For the three months ended March 31, 2023, we had net income of $1,618,630, which consisted of $2,105,252 realized gain on marketable securities held in the Trust Account, offset by $263,626 in legal and accounting expenses, $117,801 of insurance expense, $103,146 dues and subscriptions expense, and $2,049 of interest, general and administrative expenses.
Liquidity and Capital Resources
As of March 31, 2024 and December 31, 2023, the Company had $91,139 and $138,283 in cash, respectively, and a working capital deficit of $2,387,737 and $1,676,487, respectively, excluding Marketing Securities held in the Trust Account and the Deferred Underwriter Fee liability.
The Company’s liquidity needs through March 31, 2024 had been satisfied through a payment from the Sponsor of $25,000 for Class B ordinary shares, par value $0.0001 per share (“Class B ordinary shares” and shares thereof, “founder shares”), the Initial Public Offering and the sale of the private placement warrants. Additionally, the Company drew on an unsecured promissory note to pay certain offering costs and an unsecured promissory note bearing interest at 4.75% per annum to pay for working capital needs.
The Company has incurred and expects to continue to incur significant costs in pursuit of its financing and acquisition plans. These conditions raise substantial doubt about the Company’s ability to continue as a going concern for a period within one year after the date that the financial statements are issued. Management plans to address this uncertainty through related party loans from the Sponsor, an affiliate of the Sponsor, or certain of the Company’s officers and directors or their affiliates (“Working Capital Loans”) and effecting a Business Combination. However, there is no assurance that the Company’s plans to raise capital or to consummate a Business Combination will be successful or successful within the Combination Period. In addition, management is currently evaluating the impact of various factors that could cause economic uncertainty and volatility in the financial markets, many of which are beyond its control. The business could be impacted by, among other things, downturns in the financial markets or in economic conditions, inflation, increases in interest rates, adverse developments affecting the financial services industry, and geopolitical instability, such as the military conflict in the Ukraine.
These factors, among others, raise substantial doubt about the Company’s ability to continue as a going concern one year from the date these financial statements are issued. These financial statements do not include any adjustments that might result from the outcome of this uncertainty.
Contractual Obligations
We do not have any long-term debt, capital lease obligations, operating lease obligations or long-term liabilities as of March 31, 2024.
The underwriter of the IPO is entitled to a deferred discount of $0.35 per Unit, or $6,641,250 in the aggregate. The deferred discount will become payable to the underwriter from the amounts held in the Trust Account solely in the event that we complete a Business Combination, subject to the terms of the underwriting agreement.

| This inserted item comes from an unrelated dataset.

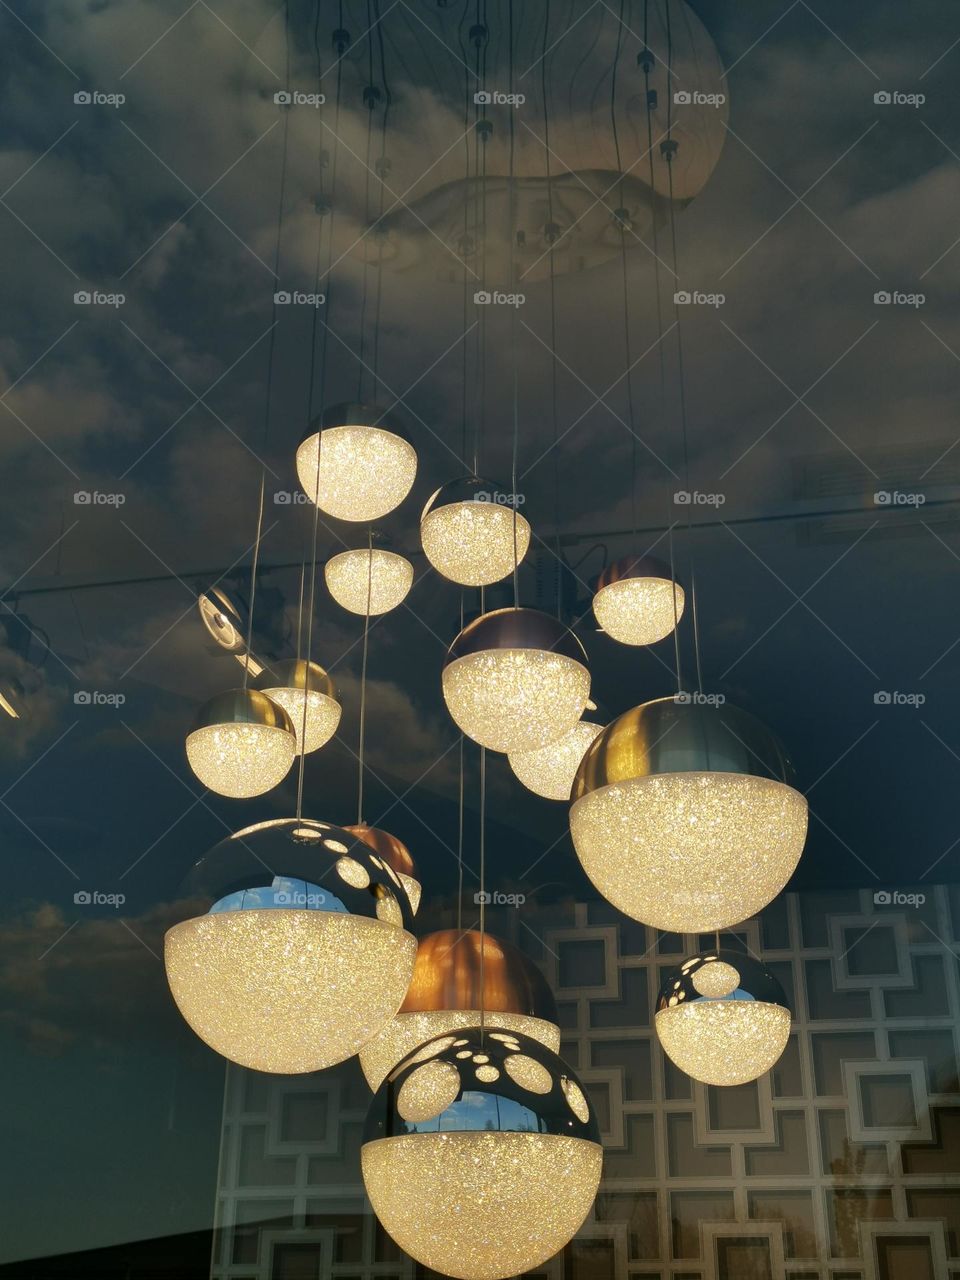 Shop window with chandeliers. Beautiful chandelier. Reflections in the glass, in the window.

On November 28, 2023, the Company and the underwriter entered into an agreement under which (i) the Sponsor will transfer 426,000 Class A ordinary shares held by the Sponsor to the underwriter upon the closing of the Company’s initial business combination and (ii) the underwriter will waive the deferred underwriter fee payable and any deferred underwriting commissions payable pursuant to the underwriter agreement dated April 22, 2021. For avoidance of doubt, the agreement applies only if the initial Business Combination is consummated, and the transfer of shares is effective and completed. Except as specifically amended in the agreement, all terms of the underwriting agreement dated April 22, 2021 shall remain in full force and effect.
Commitments and Contingencies
Registration and Shareholder Rights
The holders of the Founder Shares, Private Placement Warrants, and warrants that may be issued upon conversion of Working Capital Loans (and any Class A ordinary shares issuable upon the exercise of the Private Placement Warrants and warrants that may be issued upon conversion of the Working Capital Loans and upon conversion of the Founder Shares) will be entitled to registration rights pursuant to a registration rights agreement to be signed prior to or on the effective date of the Initial Public Offering, requiring the Company to register such securities for resale. The holders will have the right to require us to register for resale these securities pursuant to a shelf registration under Rule 415 under the Securities Act. The holders of a majority of these securities will also be entitled to make up to three demands, plus short form registration demands, that we register such securities. In addition, the holders will be entitled to certain “piggy-back” registration rights with respect to registration statements filed subsequent to our completion of our initial business combination. The Company will bear the expenses incurred in connection with the filing of any such registration statements.